▸ ENTRIES SHOWN:
------------------------------------

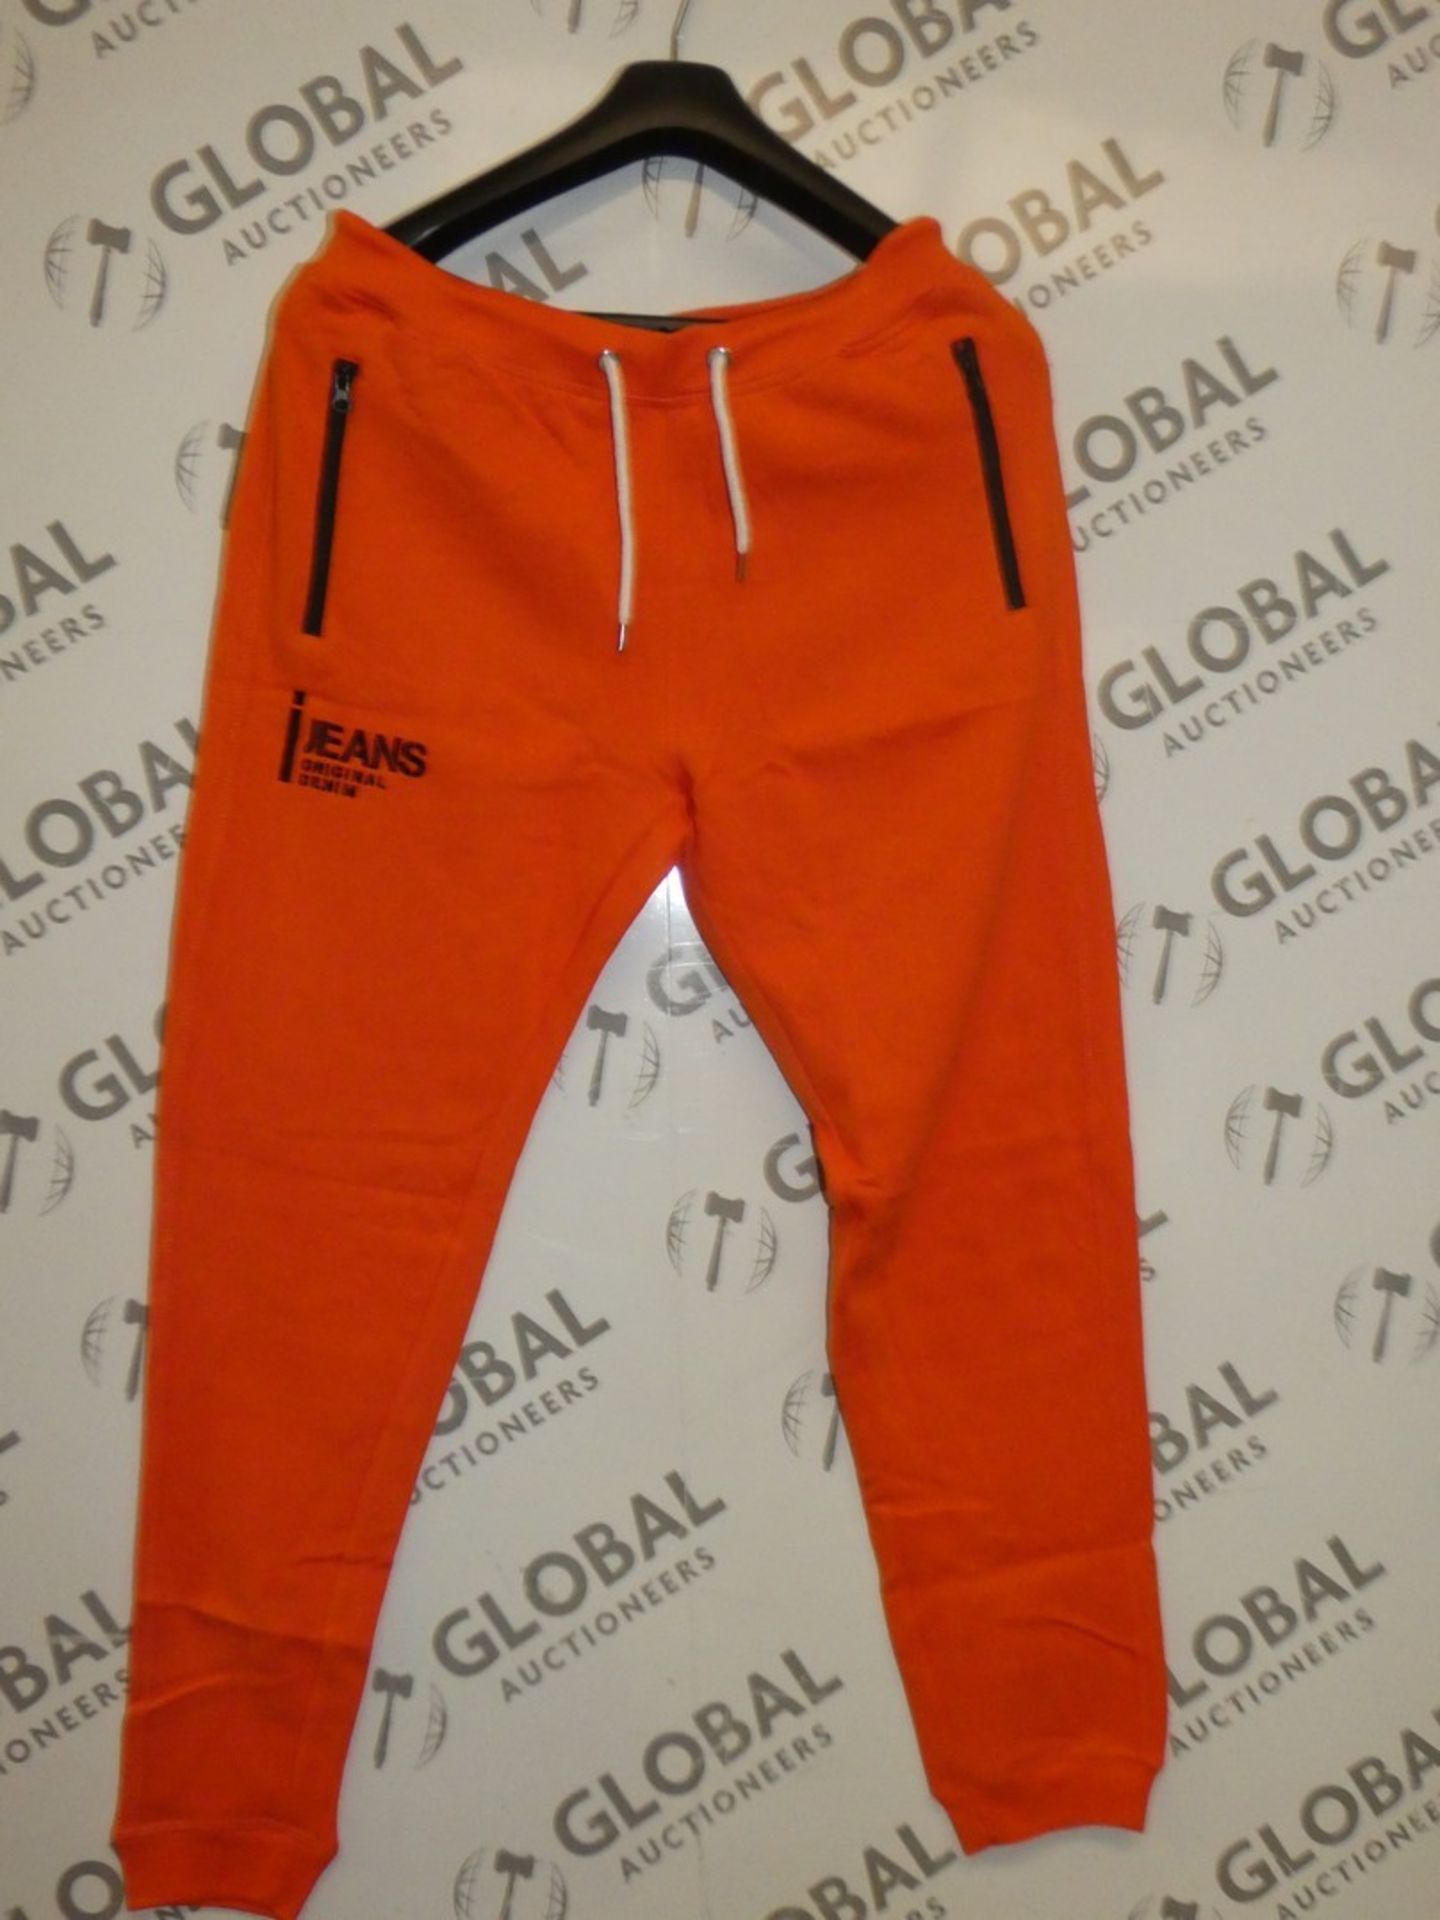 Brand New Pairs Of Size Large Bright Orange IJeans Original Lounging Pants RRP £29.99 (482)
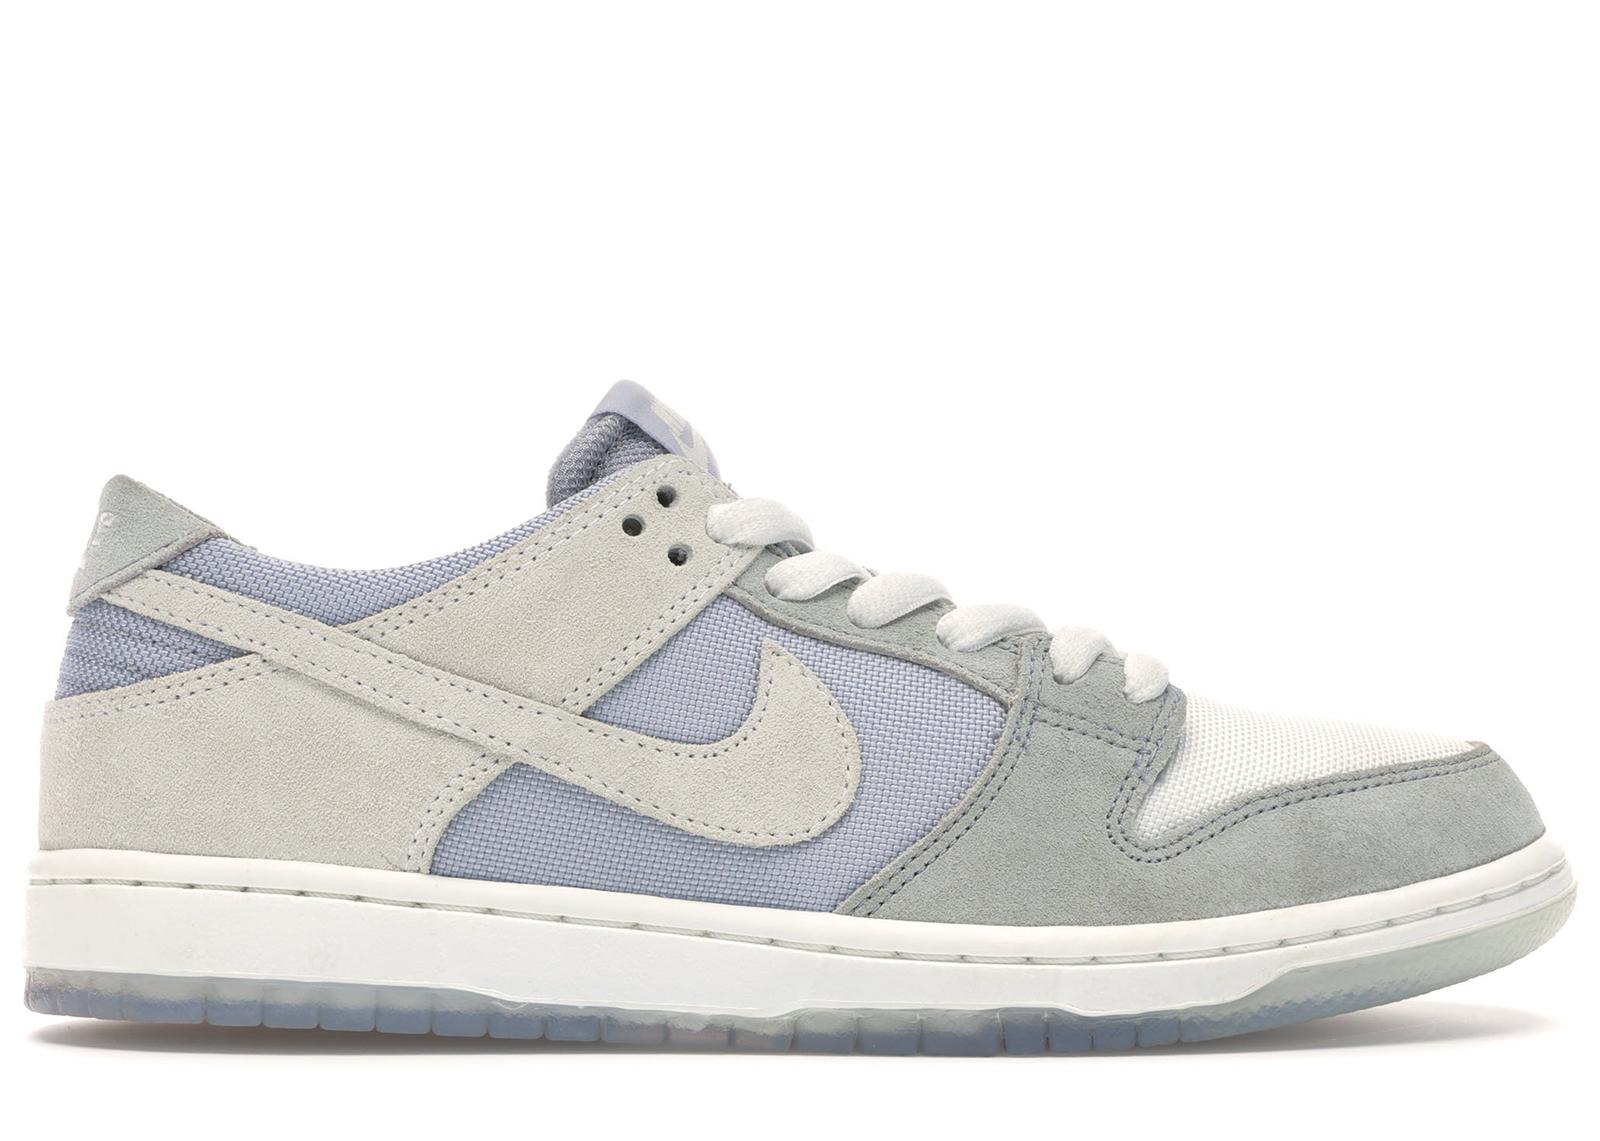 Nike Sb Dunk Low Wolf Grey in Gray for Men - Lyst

------------------------------------

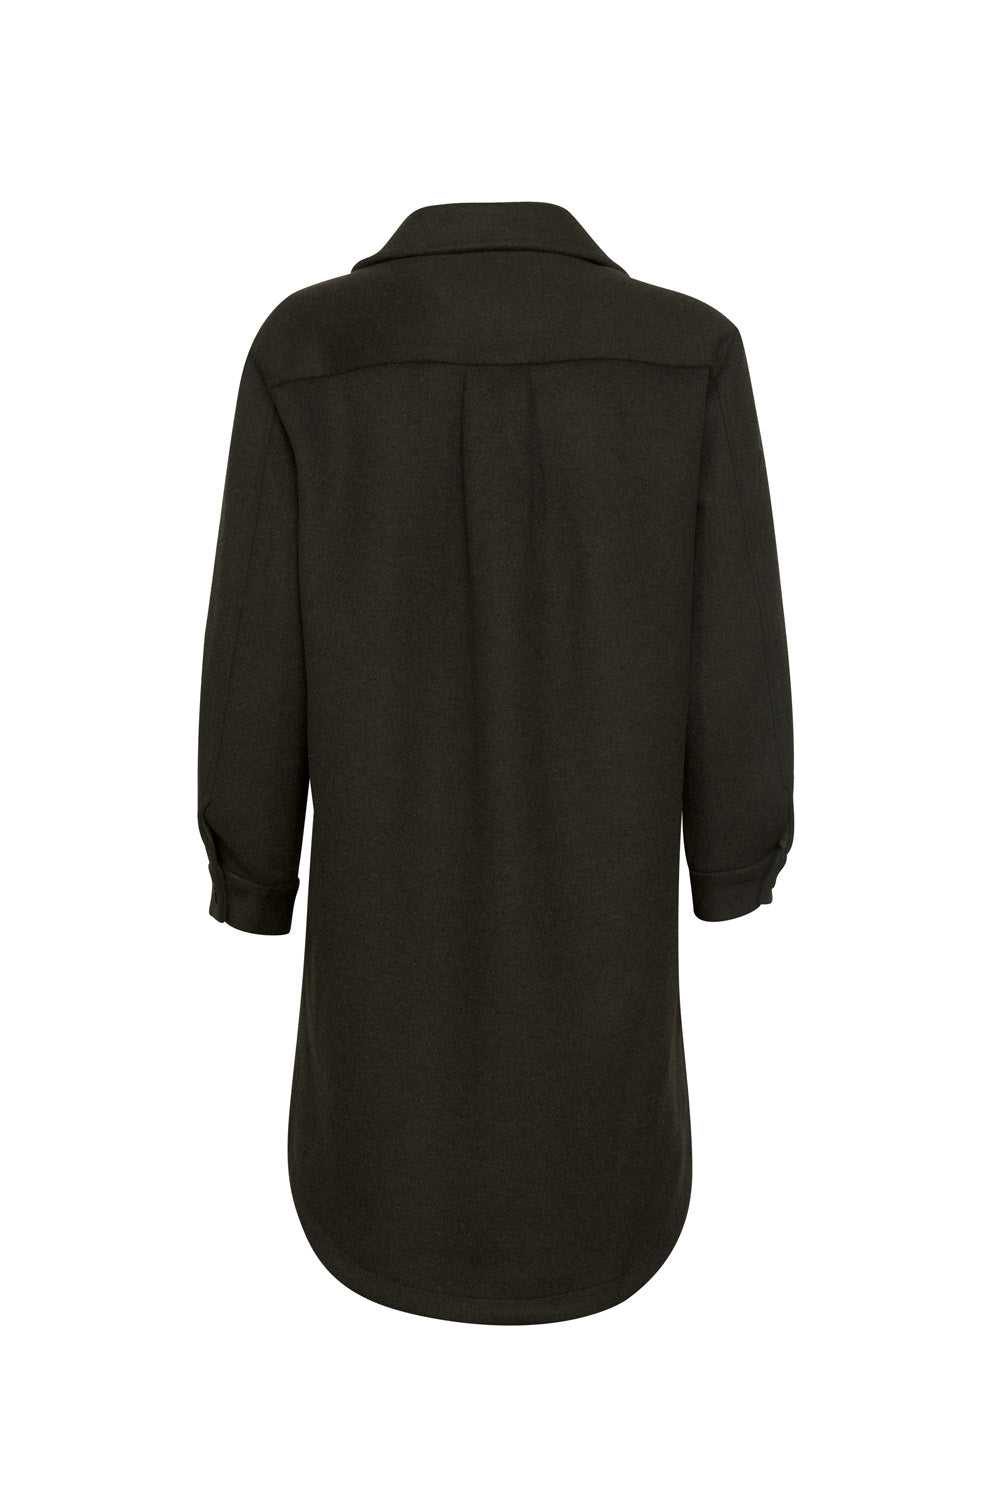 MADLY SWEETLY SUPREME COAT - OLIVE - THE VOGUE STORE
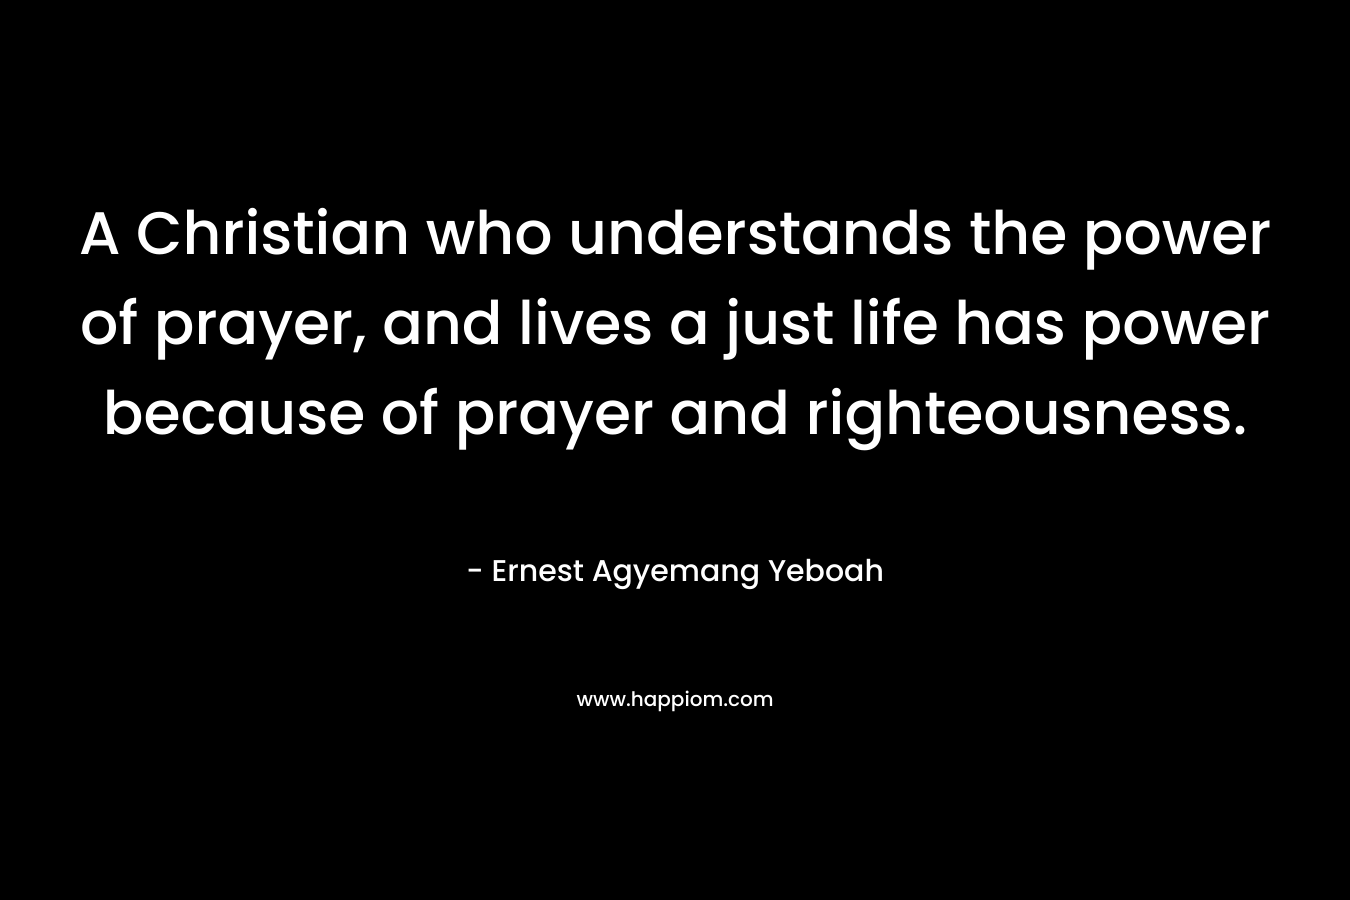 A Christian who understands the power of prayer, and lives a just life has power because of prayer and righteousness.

------------------------------------

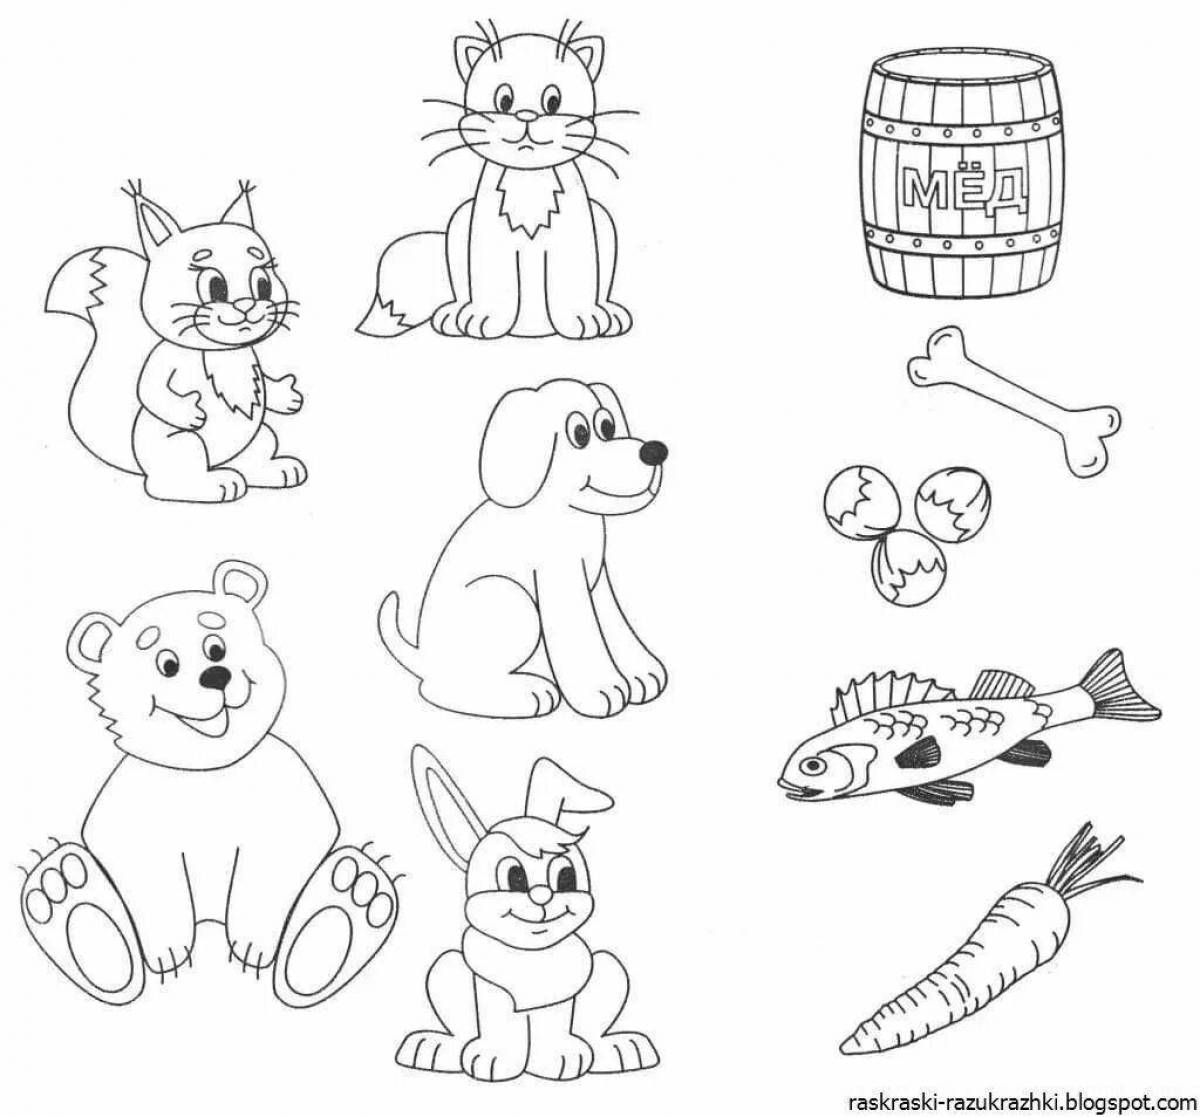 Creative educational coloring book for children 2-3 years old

------------------------------------

What should come back is an exact copy of the lines above from the line with "Brand New Pairs" to the line with "Nike Sb Dunk", both included, minus the pictures.

 Brand New Pairs Of Size Large Bright Orange IJeans Original Lounging Pants RRP £29.99 (482)
 Nike Sb Dunk Low Wolf Grey in Gray for Men - Lyst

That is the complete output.